We’ve been reading quite a bit in the media about links between various health problems and practices. Like the one that connected bacon and hot dog consumption to cancer. The popular coverage was a bit over the top, as you can see here, contrasted with this more measured analysis.
I’ll leave your diet choices up to you, but research like this does help illustrate the difficulty in accurately determining the cause of something (like, say… addiction) based on research studies. That’s because of the difference between correlation and causation. In health research, correlation is a statistical relationship between two phenomena, whereas cause means that one results in the other.
In some research, statistical methods are used to identify trends within an existing population– often a large number of persons who responded to an online survey or phone interview. This type of research is great for identifying areas for possible future investigation. It’s not very helpful when it comes to establishing a clear causal relationship between a variable and an outcome.
Population studies take advantage of data that’s already been collected to investigate topics of interest. Example: The question of whether use of antidepressants appears to correlate with a reduction in depression symptoms.

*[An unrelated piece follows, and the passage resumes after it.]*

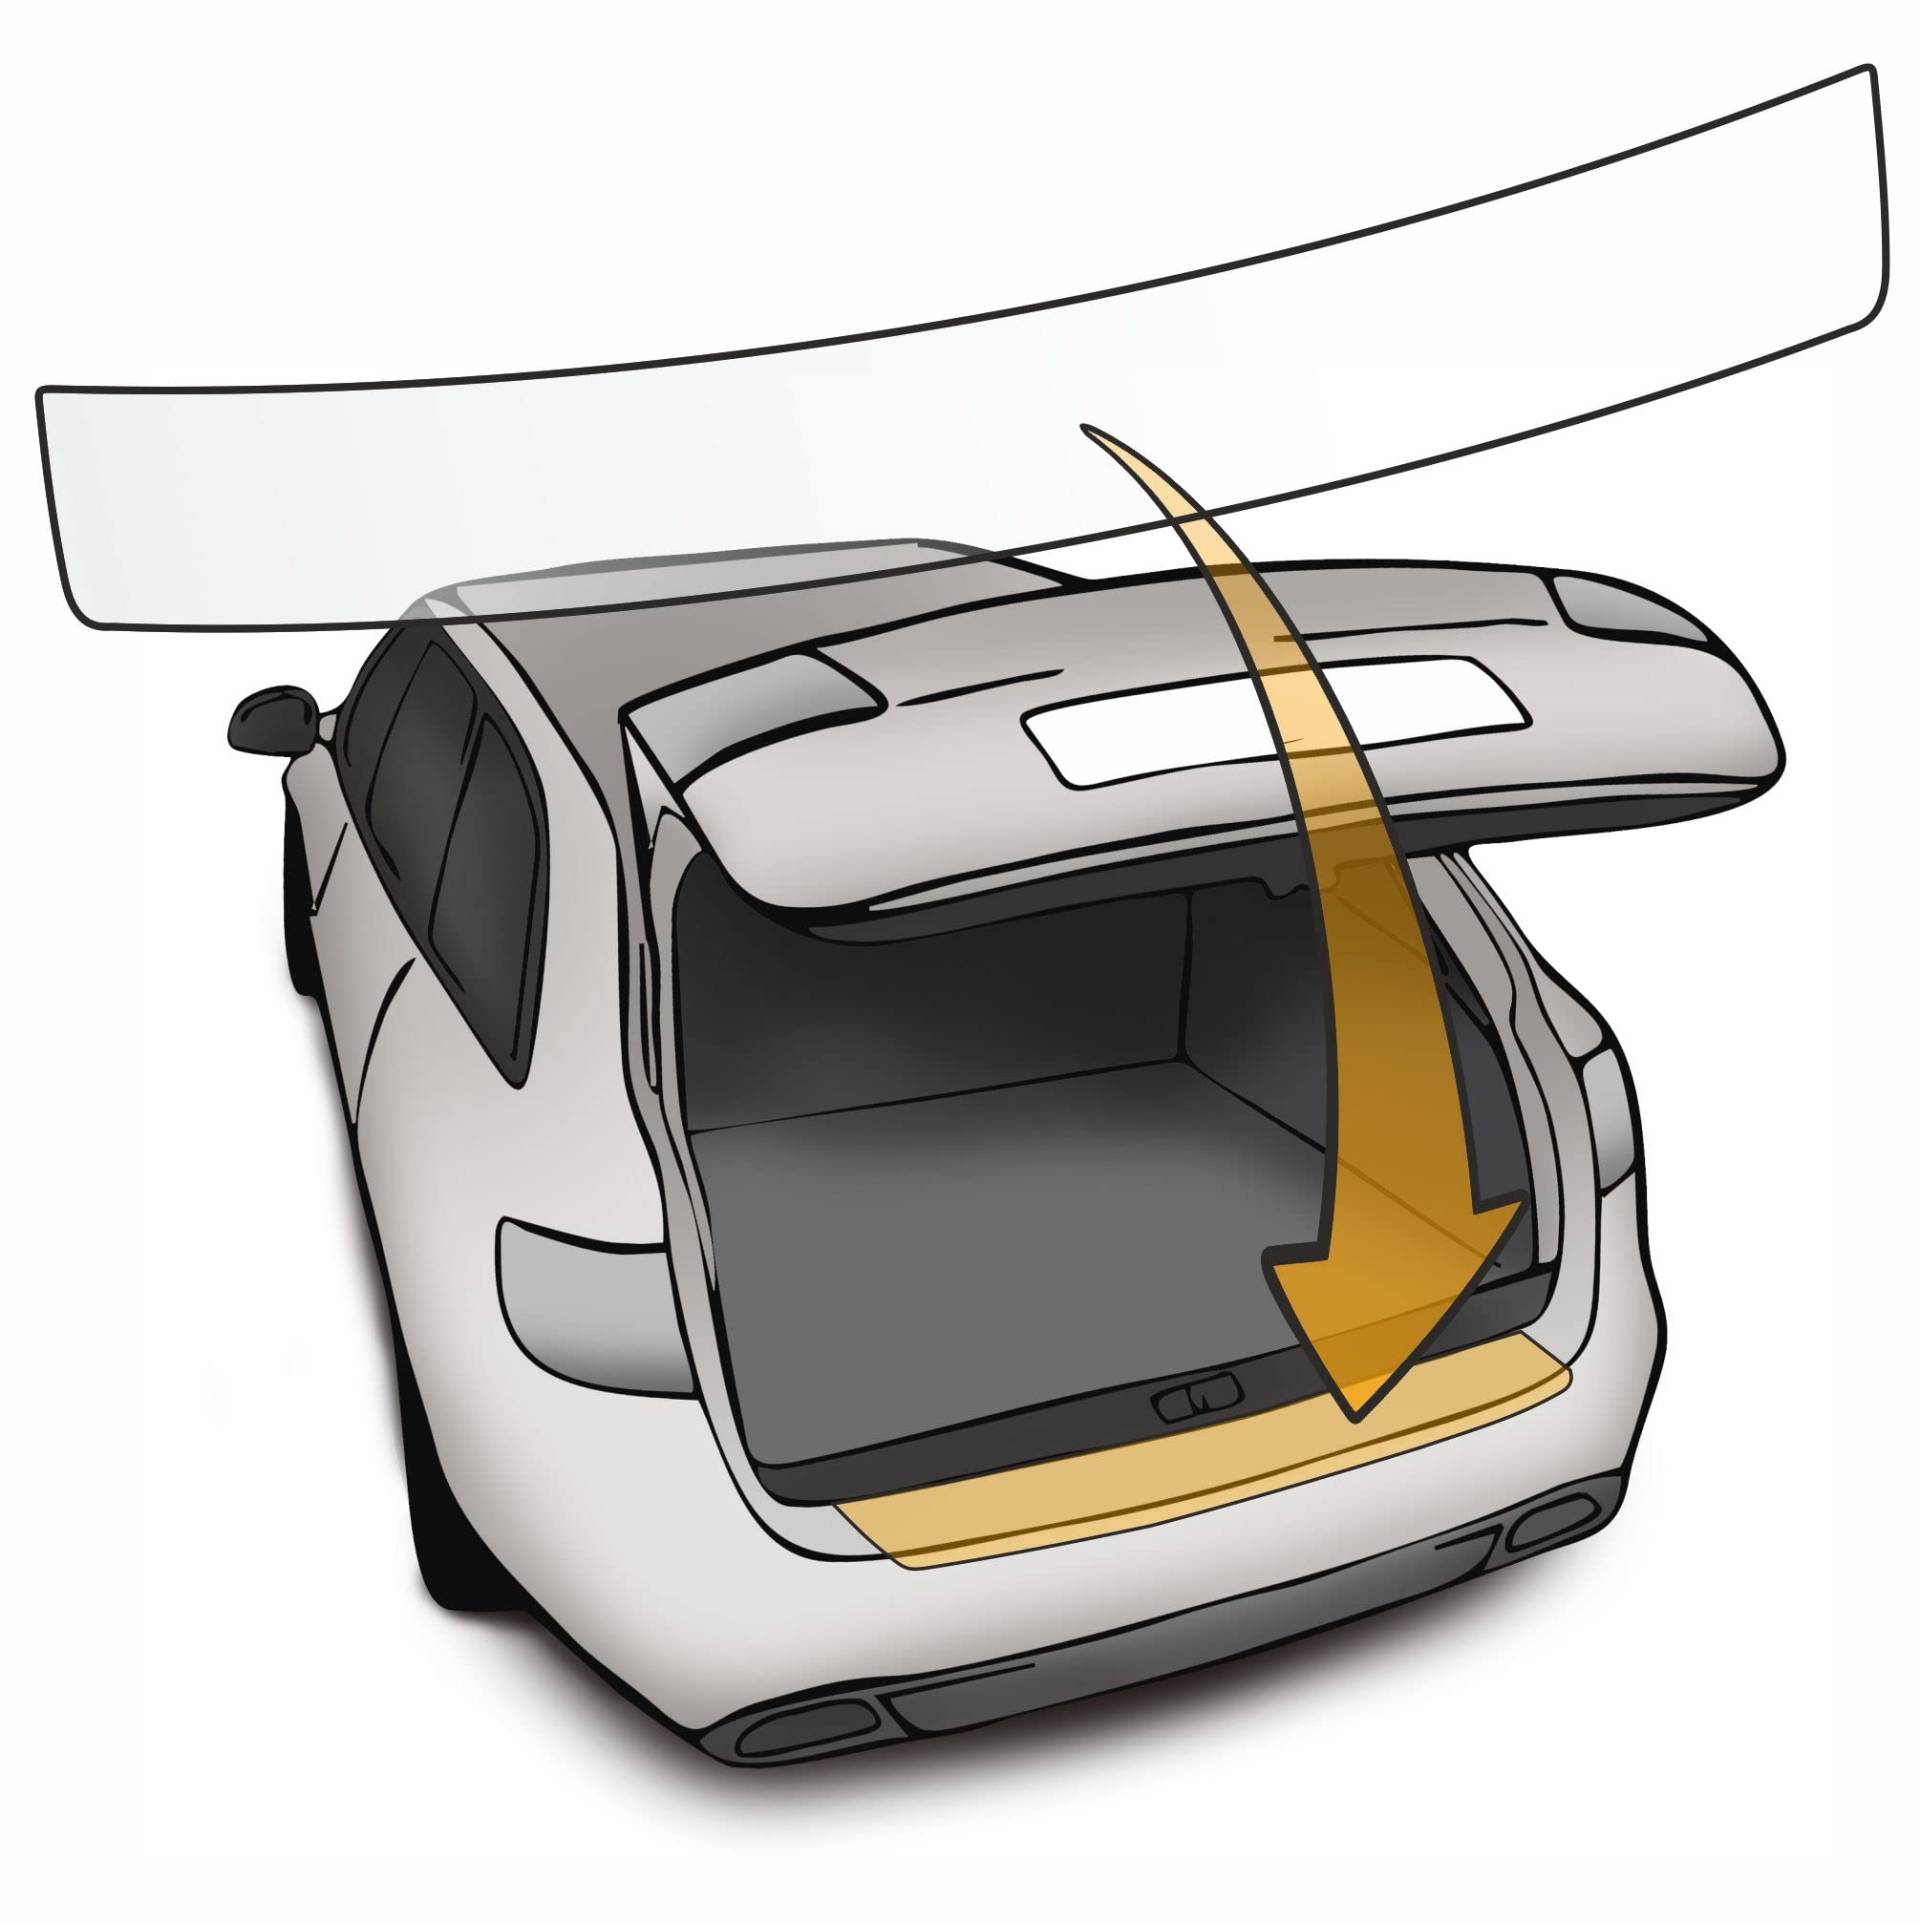 Lackschutzshop - Passform Lackschutzfolie kompatibel mit Ladekantenschutz passend für VW Golf 8 / VIII Limousine – transparent 150µm von Lackschutzshop
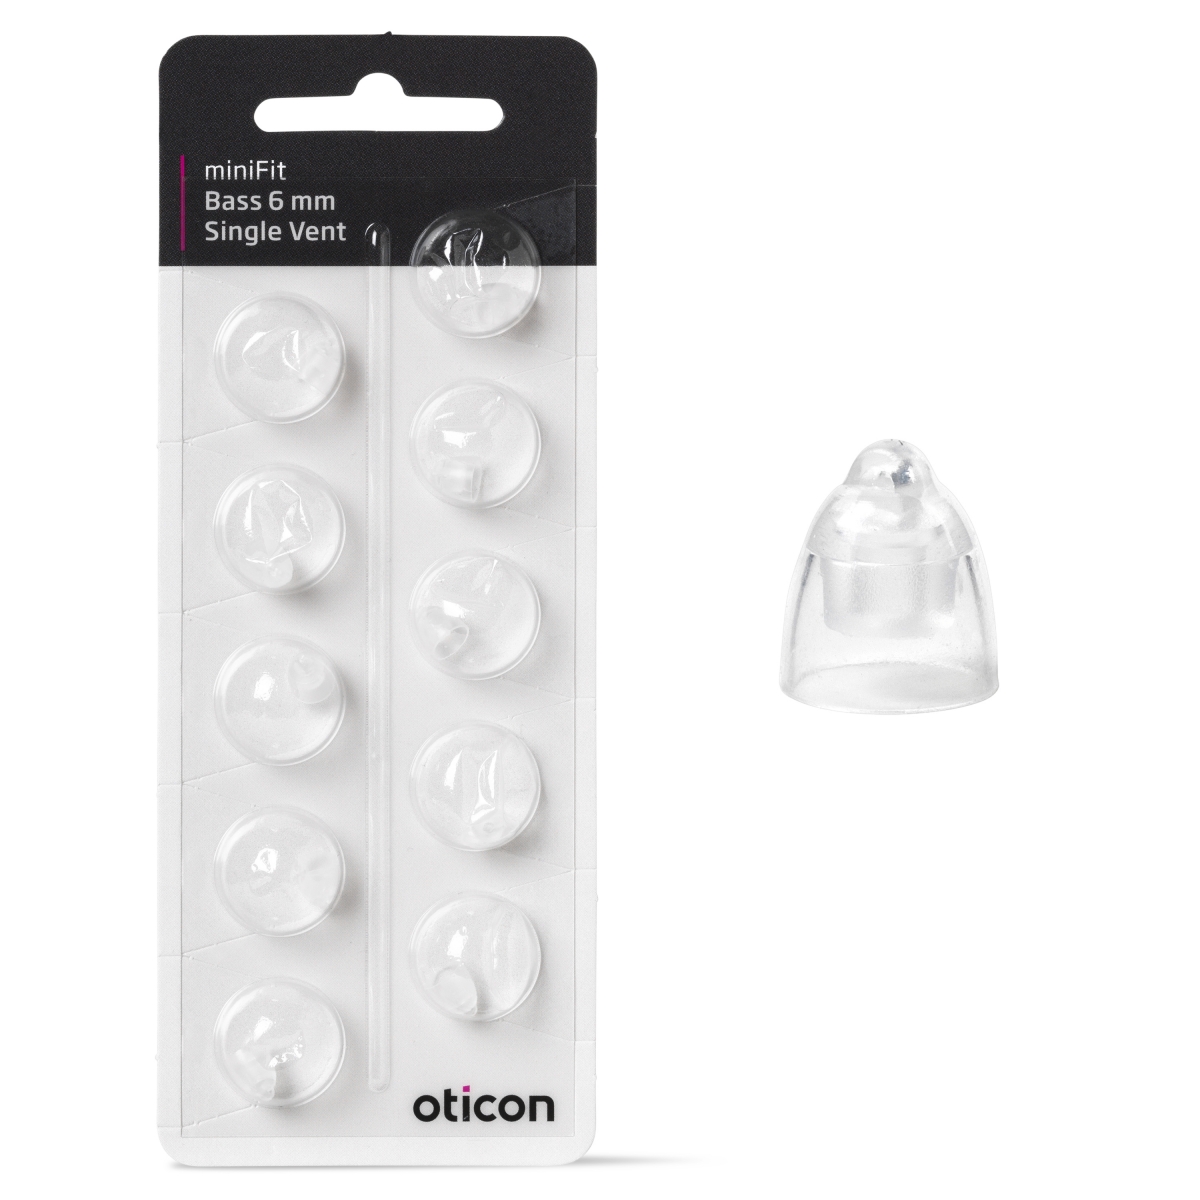 Se Oticon miniFit Bas-tip (single vent) 6mm hos Japebo.dk

But by its very nature, the sample makes it impossible for us to eliminate all the other possible factors that could influence our conclusions. For that, most scientists look to controlled experiments.
In the best sort of research, scientists carefully select their sample, assign subjects at random to study group or control group, and take steps to eliminate the influence of bias. In a medication study, for example, that can include blinding, or leaving the subject in the dark as to whether she’s receiving the med or placebo. Or even double blinding, where the researcher doesn’t know, either.
It’s possible to identify a link between an outcome and a possible risk factor that is not confirmed by subsequent controlled experiments. But one or both studies may have methodological problems, so scientists generally wait for more research to identify a significant preponderance of the evidence. That’s what the WHO did before issuing their recommendation for reduced red meat consumption.
Problem is, we in the general public don’t like being made to wait. We want answers, and we want them to be final. We don’t want to read something authoritative-sounding in the newspaper, only to have it contradicted a few years later. Yet even with the precautions taken, that still happens.
It’s certainly not going to hurt us to eat less red meat. But the argument about the quality of the research is just beginning, and will probably continue for decades.
Update, 05/09/2016: This video from John Oliver pretty much covers it all and is way more amusing.